La fin des procès de Moscou ?


Une jurisprudence intéressante

Un arrêt de la troisième chambre de la Cour administrative d’appel de Nantes a retenu l’intérêt d’un de nos adhérents. Certes l’arrêt n’est pas récent, mais il conviendra de ne pas l’oublier. 

L’affaire concerne deux  enfants âgés de 11 et 12 ans sur fond d’une séparation parentale très pénible.

La mère avait suscité la procédure en faisant dire à ses enfants, en sa présence et devant le directeur de leur collège, qu’ils éprouvaient un malaise à se rendre chez leur père. Le directeur avait alors émis une information préoccupante, les services sociaux du Finistère avaient relayé par un rapport social lourdement à charge du père sur la base des seules déclarations de la mère.
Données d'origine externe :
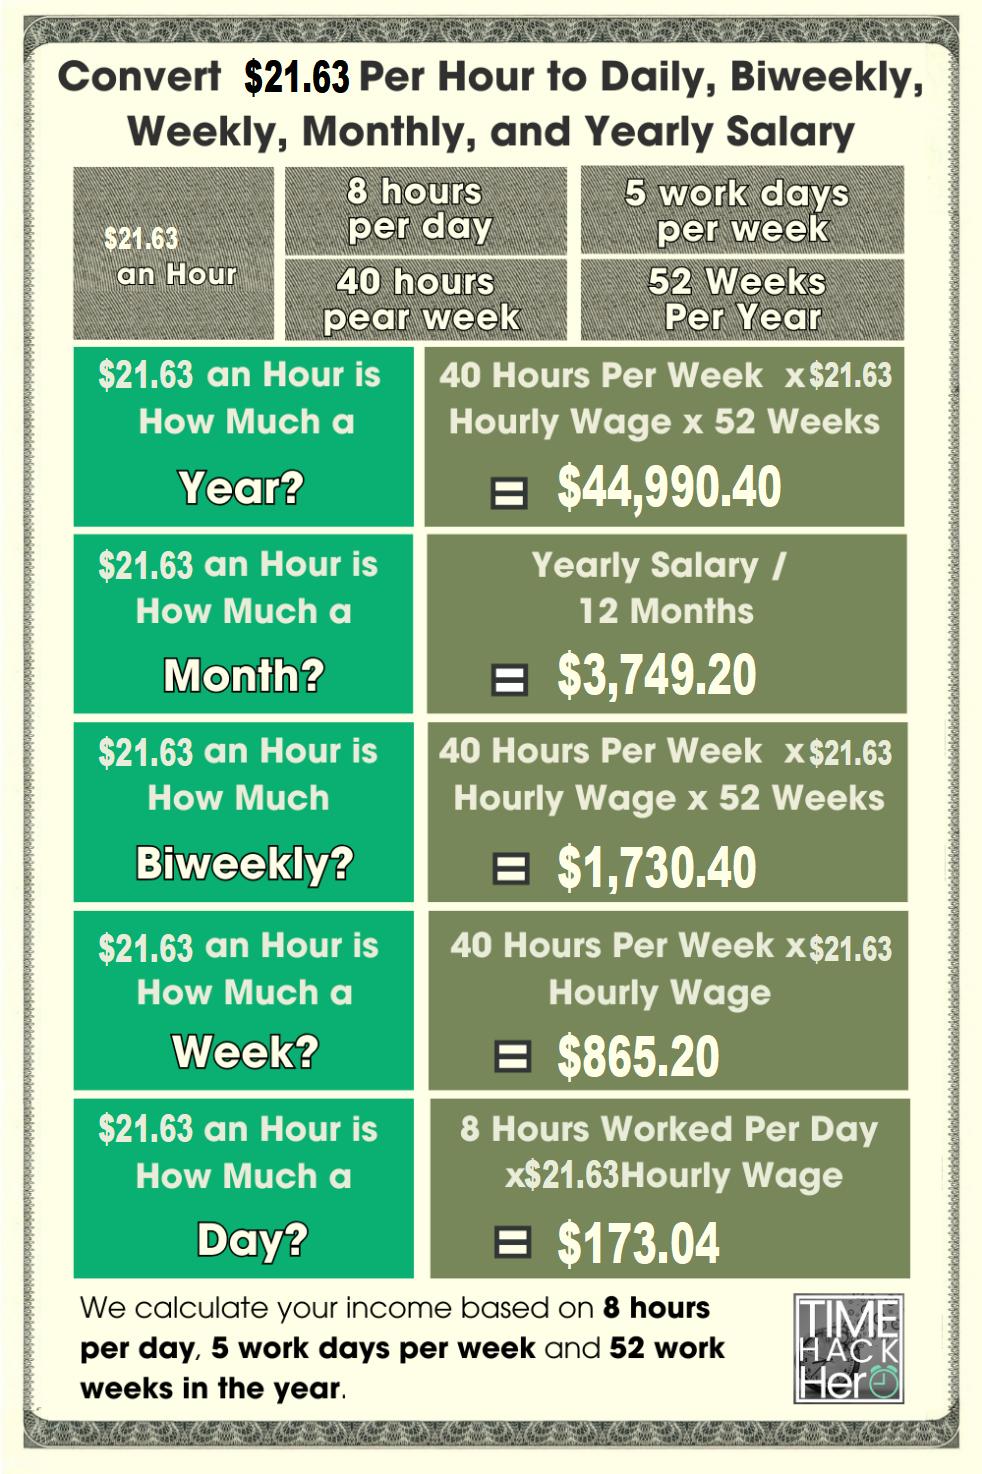 Convert $21.63 Per Hour to Weekly, Monthly, and Yearly Salary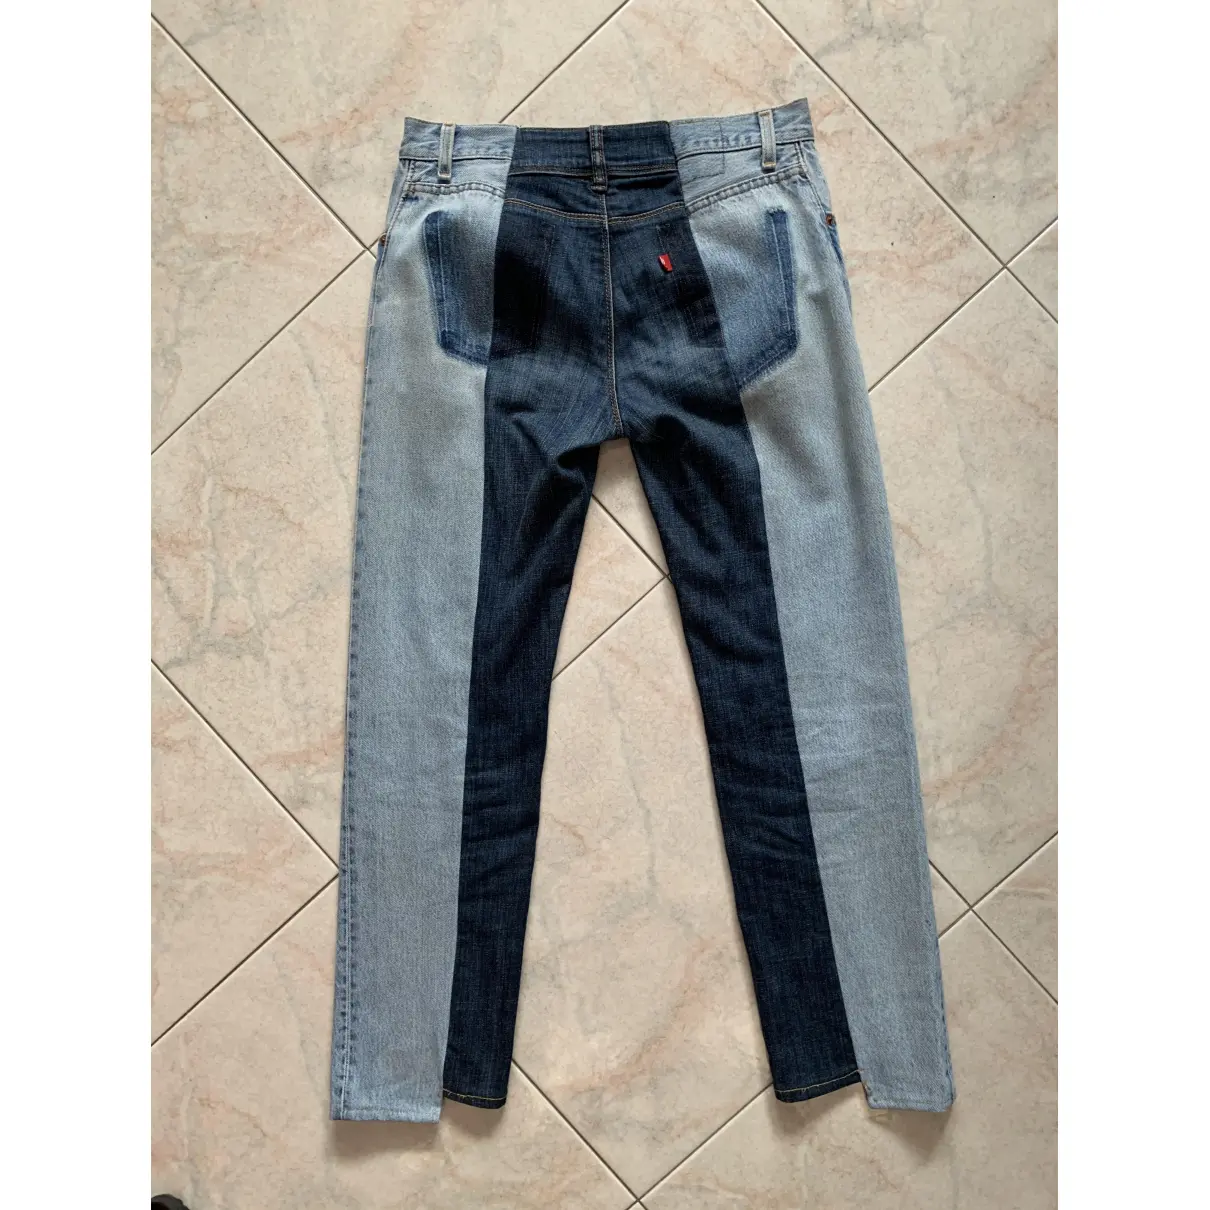 Buy Levi's Made & Crafted Straight jeans online

Une pratique assez particulière qui relève des procès de Moscou puisque la condamnation au statut de parent indigne devient alors inévitable d’autant que l’accusé n’aura pas les moyens de se défendre, ni avant ni jusqu’au jour de l’audience.  

procesdemoscou

En effet trois semaines après sa rédaction et sans que le père n’ait été entendu ni informé, le rapport est transmis au procureur aux fins de signalement. Le juge des enfants ne sera cependant pas saisi puisque le procureur n’y donne pas suite.

Calomniez, calomniez, il en restera toujours quelque chose !

Pour autant la mère profite de l’existence du rapport social dans le cadre de la procédure de divorce en cours. Le juge aux affaires familiales est invité à consulter le rapport en question et suspend les droits de visite et d’hébergement du père. Ce dernier fait appel mais l’ordonnance du juge aux affaires familiales est confirmée, nous sommes alors le 21 février 2003.

Le père considère que la privation de ses droits est la conséquence directe du rapport social à charge, il demande réparation de son préjudice auprès du président du conseil général du Finistère, lequel semble ne pas réagir. Le père saisit alors le tribunal administratif de Rennes et sollicite la somme de 104 300 euros à titre de dédommagement pour son préjudice matériel et économique d’une part, moral d’autre part.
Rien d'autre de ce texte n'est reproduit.